When the U.S. Treasury Department Licenses Crypto-Mixing Tools to Enhance Privacy tornado cache Last month, the company blacklisted a number of wallet addresses associated with its products, effectively declaring cooperation with these addresses tantamount to a crime supporting the North Korean government.

event that triggered countless meaningsfor example, would someone verifying a block of Ethereum transactions, including transactions from blacklisted addresses, commit a crime?

With the majority of Ethereum transactions soon to be verified by a handful of large companies with a large presence in the US, this tension could quickly reach its peak. Coinbase CEO recently mentioned If forced to censor blocks, he would take his company out of the staking business. I can’t.
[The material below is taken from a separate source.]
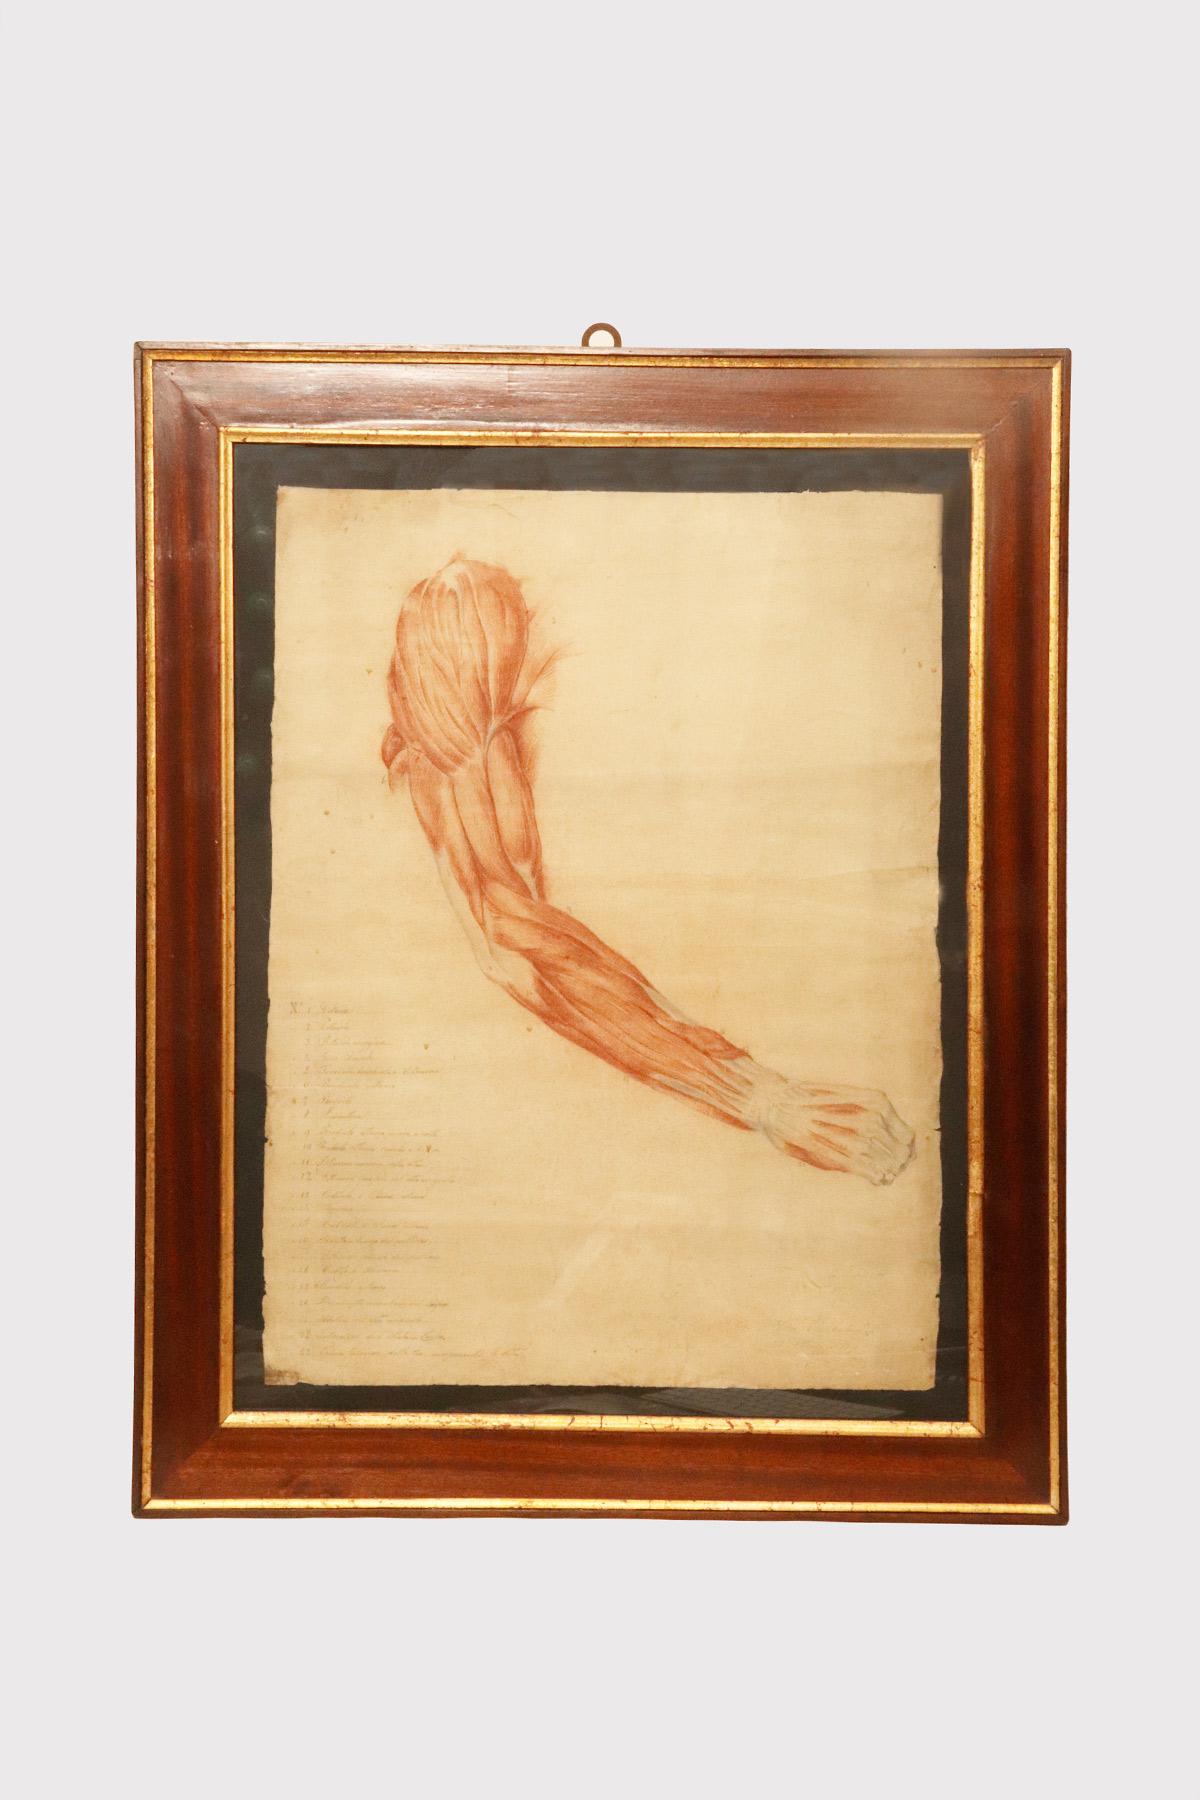 A painting containing an ancient anatomical drawing of an upper limb, made in pencil and sanguine. The contemporary frame, Empire style, made of wood, veneered in mahogany essence, enriched with gilded wood profiles. Iron hook. Signed Giovanni

Ethereum core developers, on the other hand, are adamantly opposed to validators censoring Ethereum transactions.

“We will monitor these companies to see how they are doing,” said Ethereum core developer Cao. “If they behave maliciously, we can force them out through social governance.”

Cao elaborated that block censorship would be considered malicious activity by Ethereum’s core developers.

But many questions still remain. What happens when the Ethereum network launches an entity responsible for verifying the vast majority of Ethereum transactions? It leads to another controversial fork: a split between corporate compliant ETH and censorship-resistant ETH. Is it possible? And what happens to the ETH that users have staked through the exchange if the exchange is penalized or banned from staking?

“I don’t know. I don’t know,” Cao said. “This is a very complicated question.”

Billions of dollars may be at stake in that answer.